▸ **TASK INSTRUCTIONS**: Would you retype exactly the lines below, starting with the one that has "kook n keech" and going on through the one that has "Slg. Stichwaffen 1920/40, Slg.", with no pictures and nothing else?

▸ **DATASET CONTENT**:
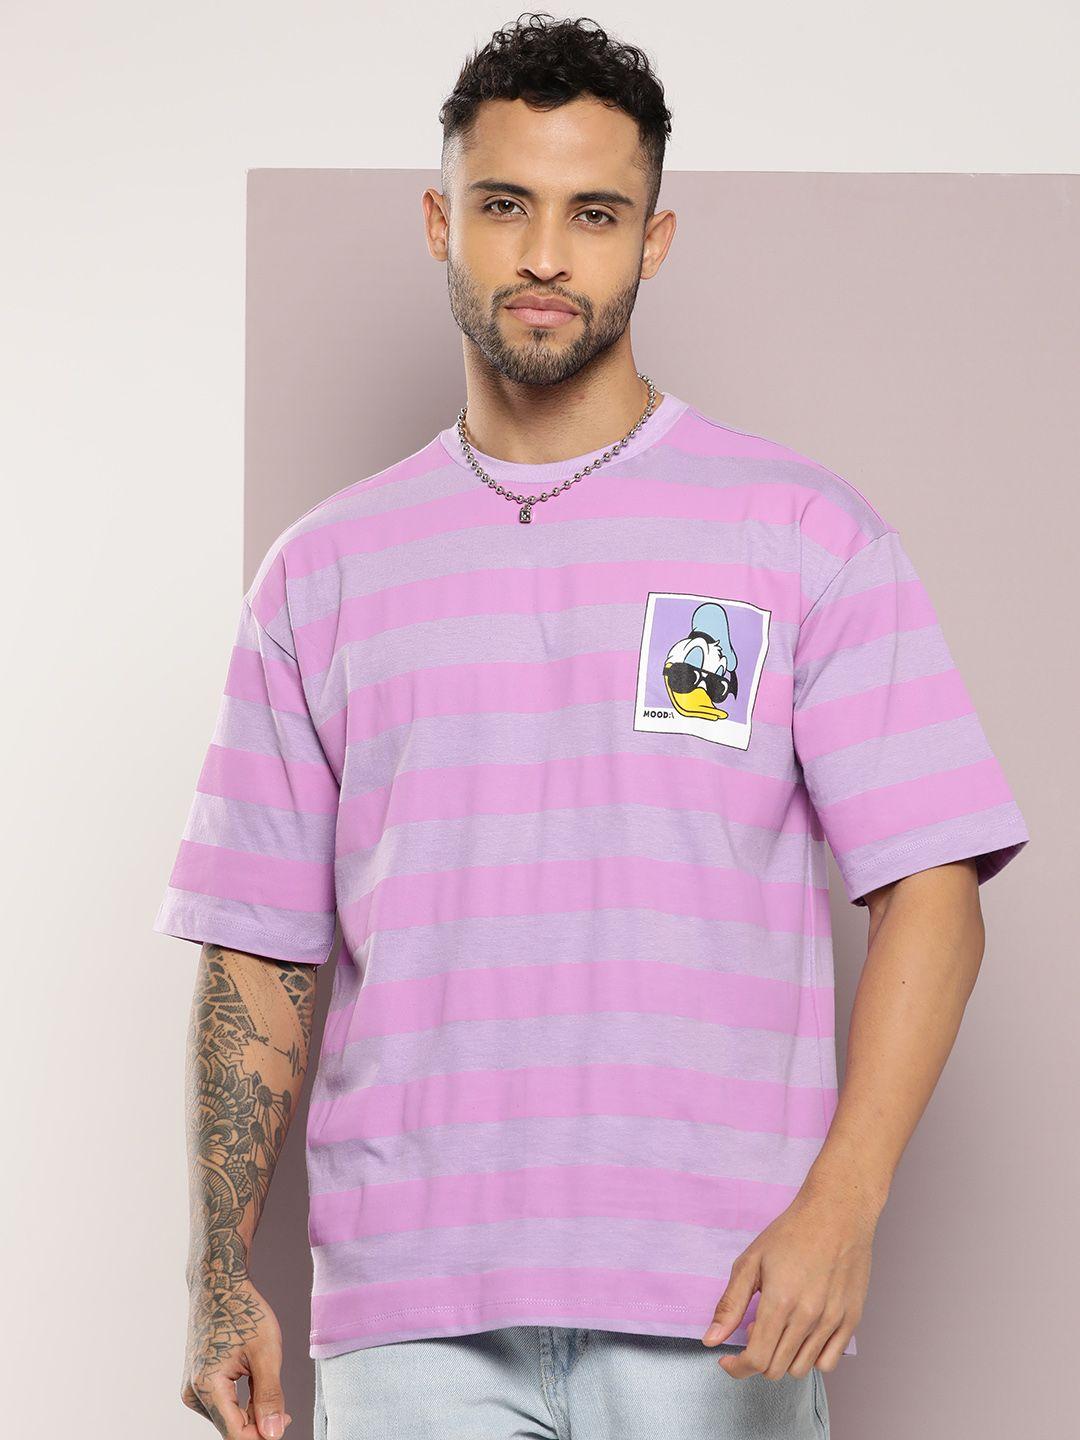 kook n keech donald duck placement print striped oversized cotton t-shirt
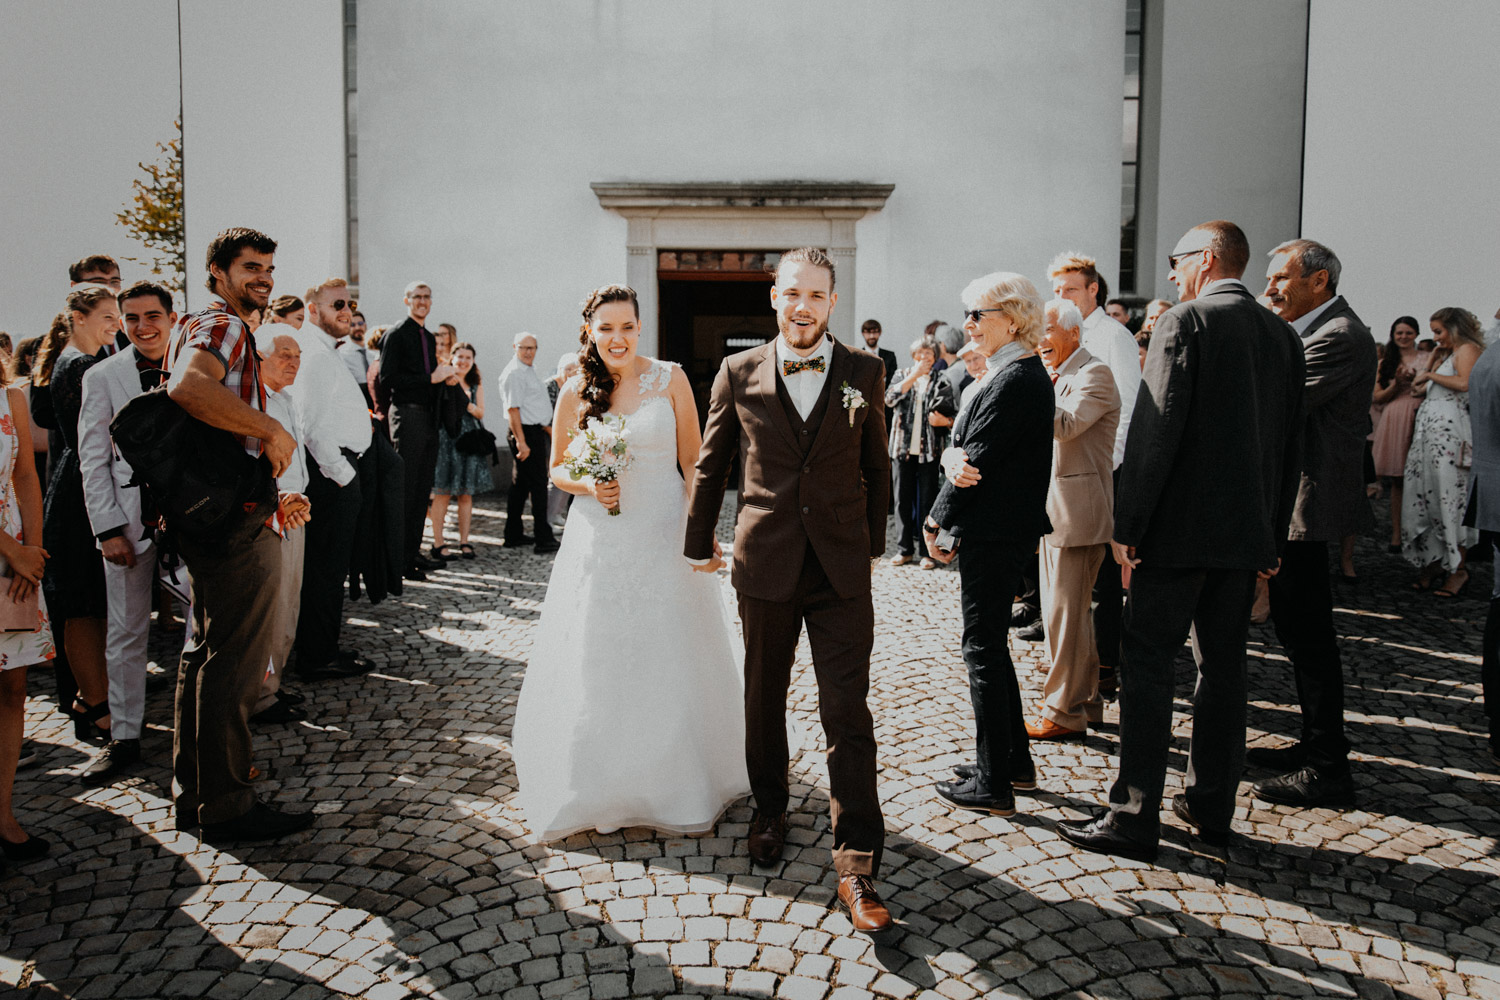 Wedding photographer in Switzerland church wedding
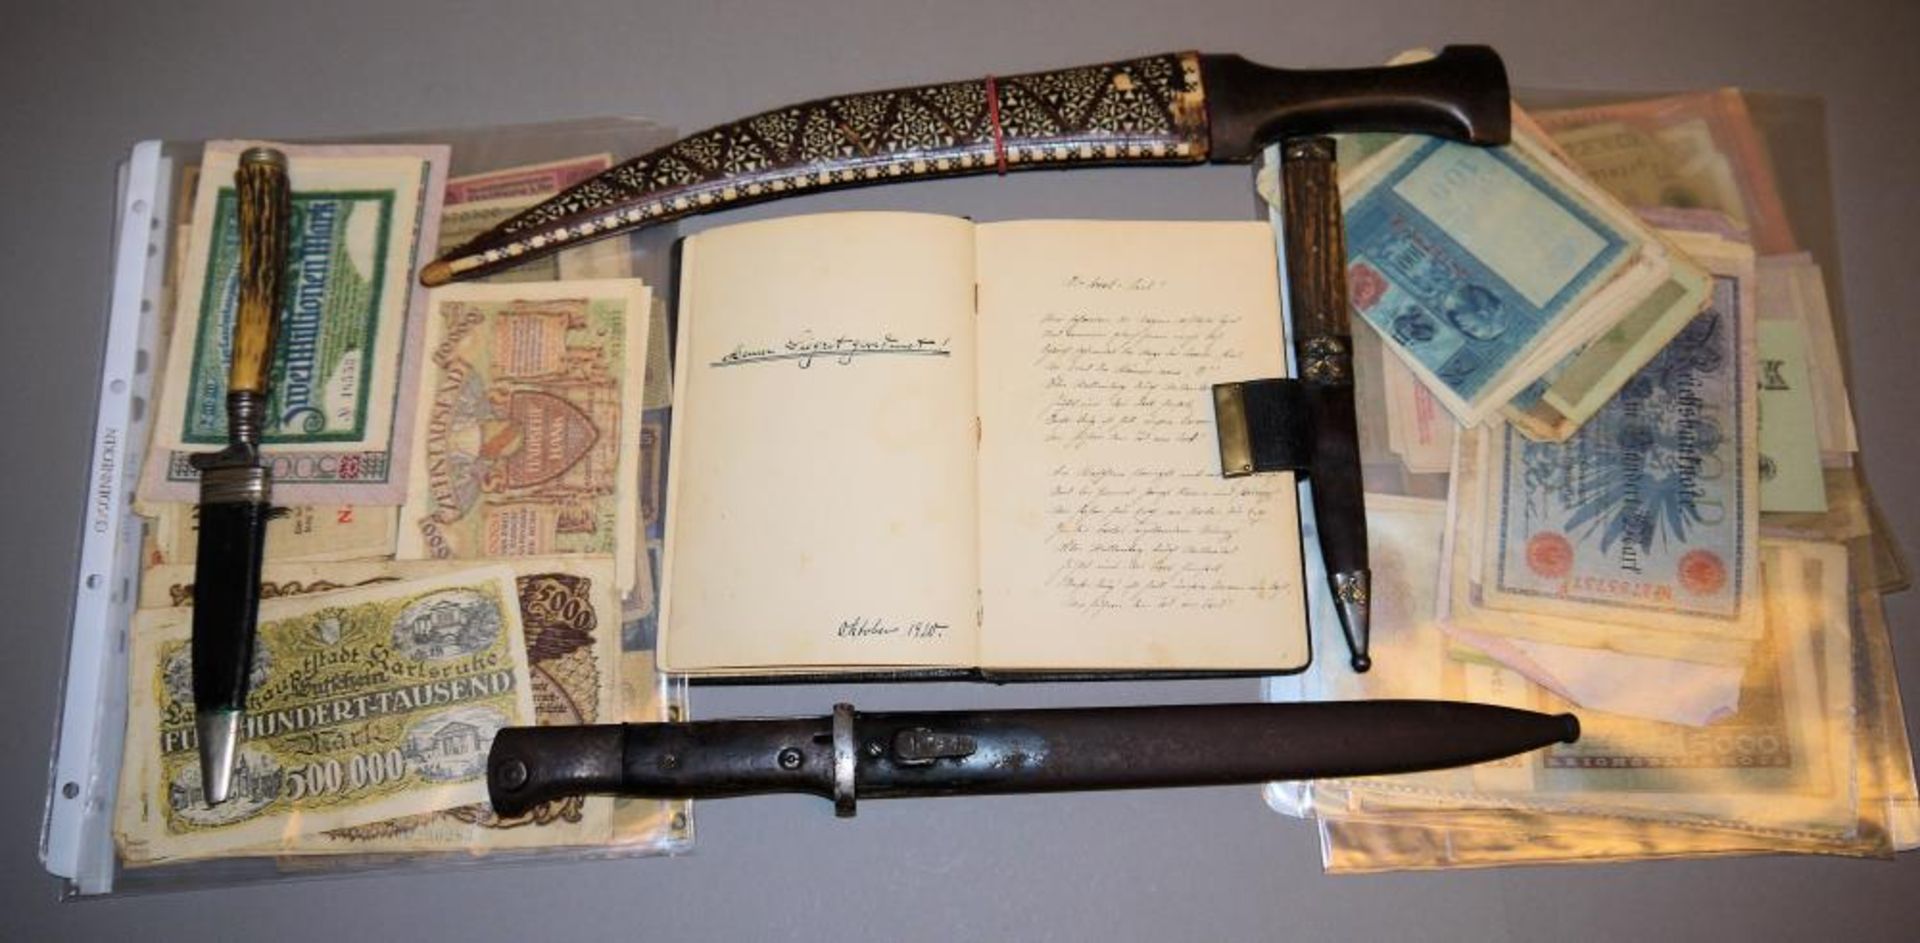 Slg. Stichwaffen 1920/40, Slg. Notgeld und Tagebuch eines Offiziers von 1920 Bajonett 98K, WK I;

* * *

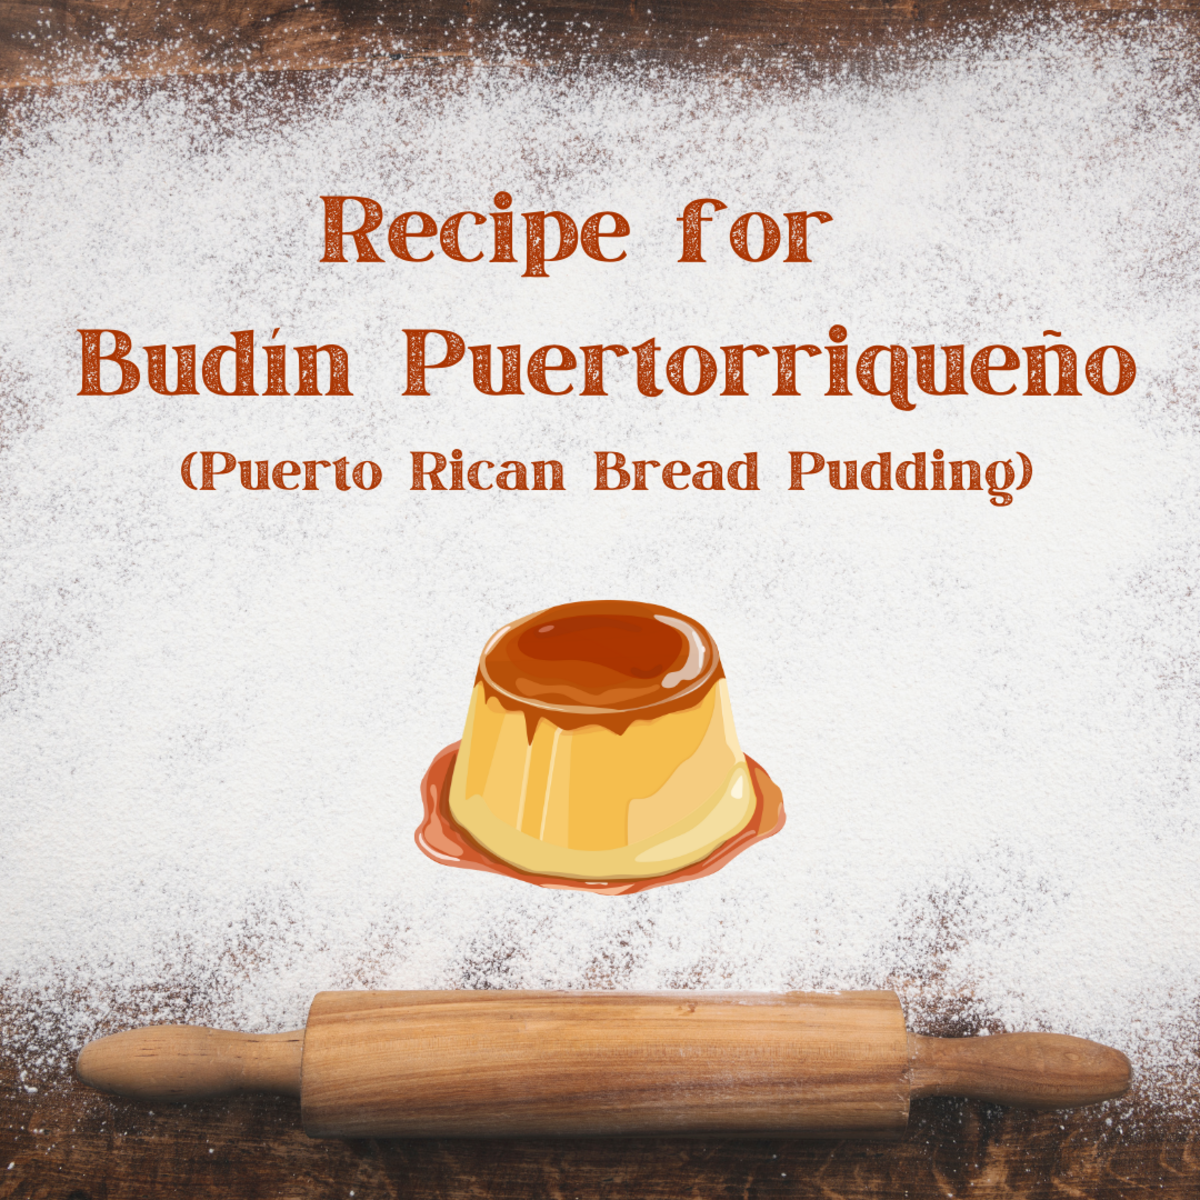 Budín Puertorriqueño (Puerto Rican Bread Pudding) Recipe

==

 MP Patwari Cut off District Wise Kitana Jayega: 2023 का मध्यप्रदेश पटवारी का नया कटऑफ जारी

▸ **RESULT OF THIS TASK**:
 kook n keech donald duck placement print striped oversized cotton t-shirt
 Wedding photographer in Switzerland church wedding
 Slg. Stichwaffen 1920/40, Slg. Notgeld und Tagebuch eines Offiziers von 1920 Bajonett 98K, WK I;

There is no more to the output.